What is required: Skipping all images, output the listing word for word.

Data block Block Start

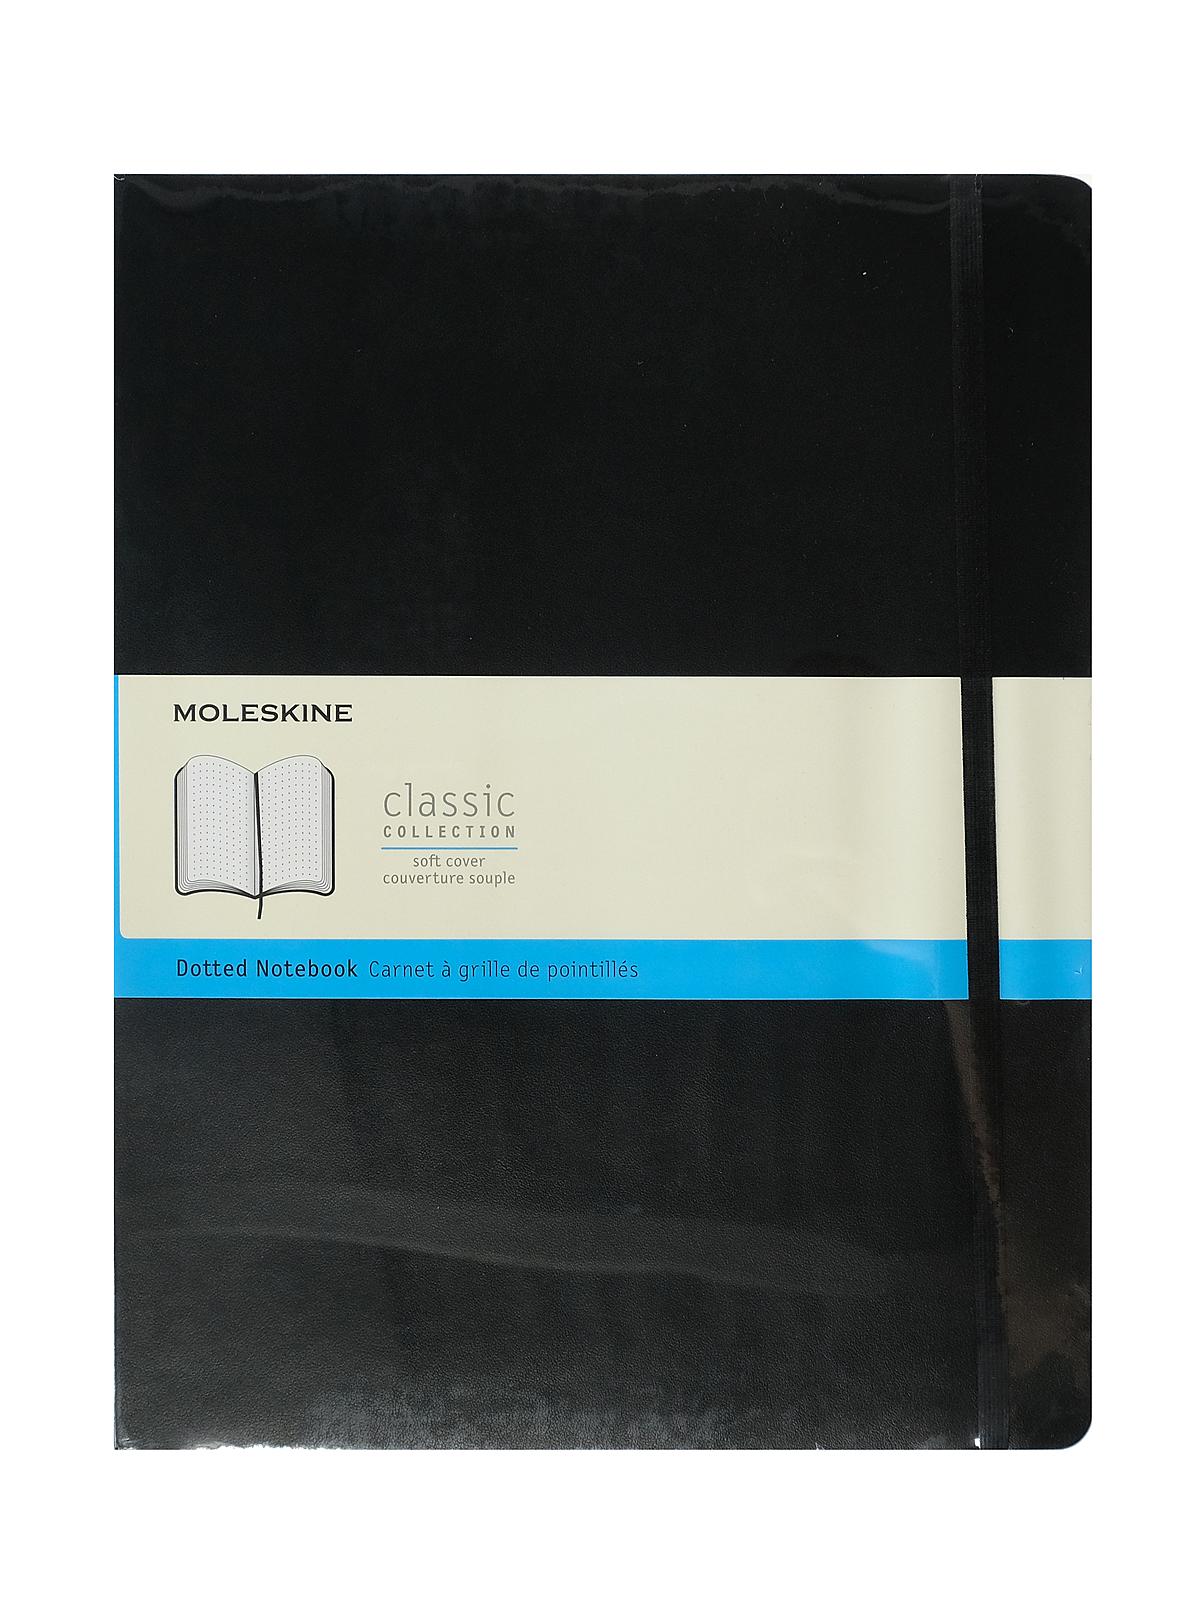 Classic Soft Cover Notebooks Black 8 1 2 In. X 11 In. 192 Pages, Dotted
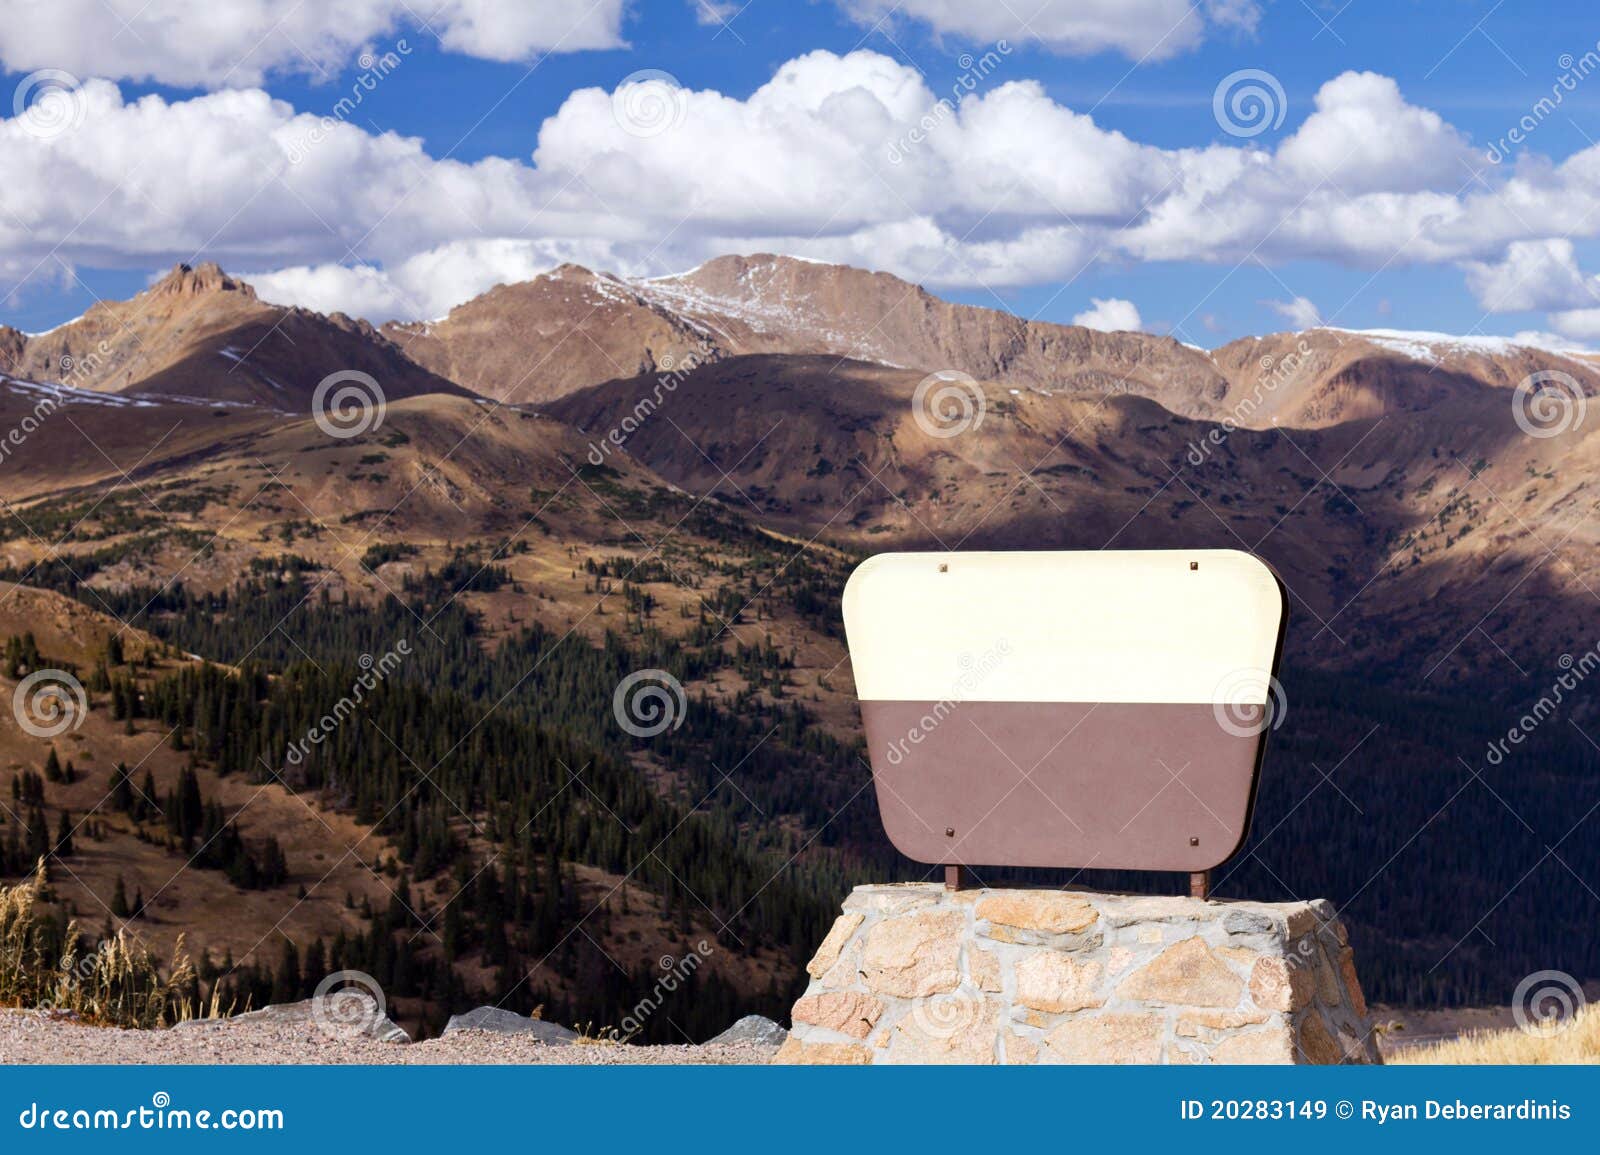 blank sign in front of mountains
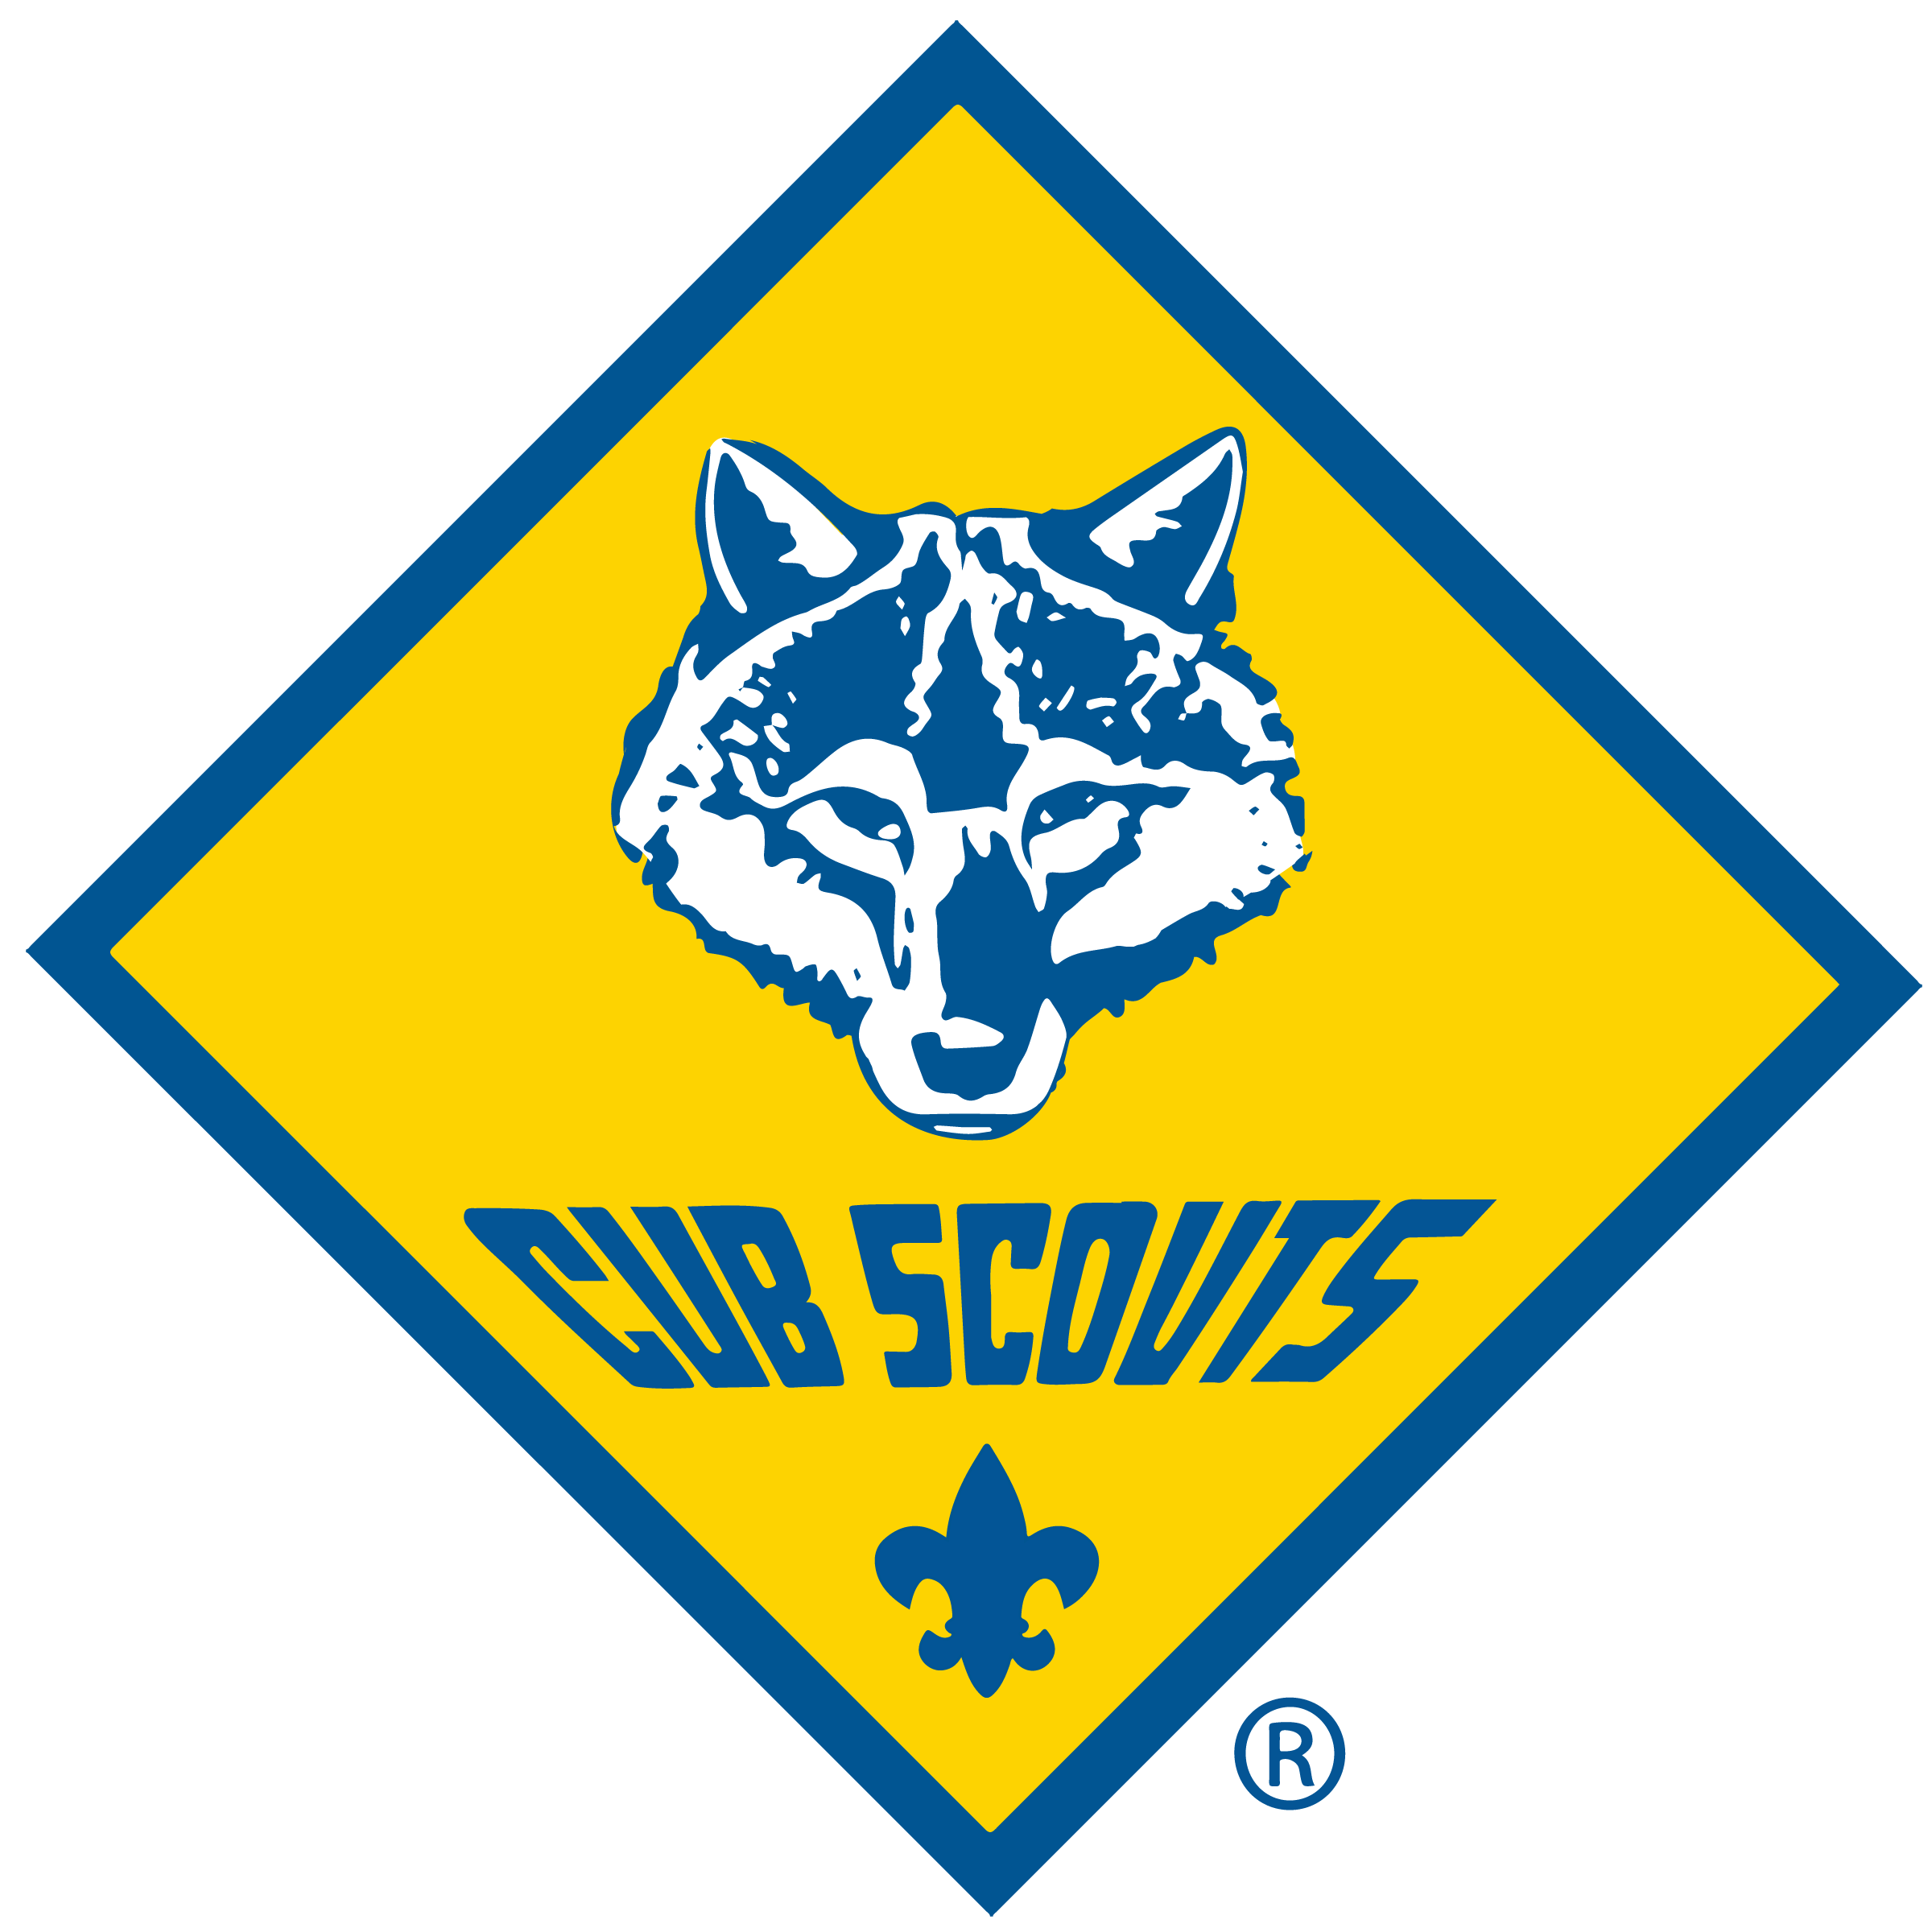 Scout Logo - I was frustrated with the available high resolution versions

Data block Block End

Output of the exercise:
 Classic Soft Cover Notebooks Black 8 1 2 In. X 11 In. 192 Pages, Dotted
 blank sign in front of mountains
 Scout Logo - I was frustrated with the available high resolution versions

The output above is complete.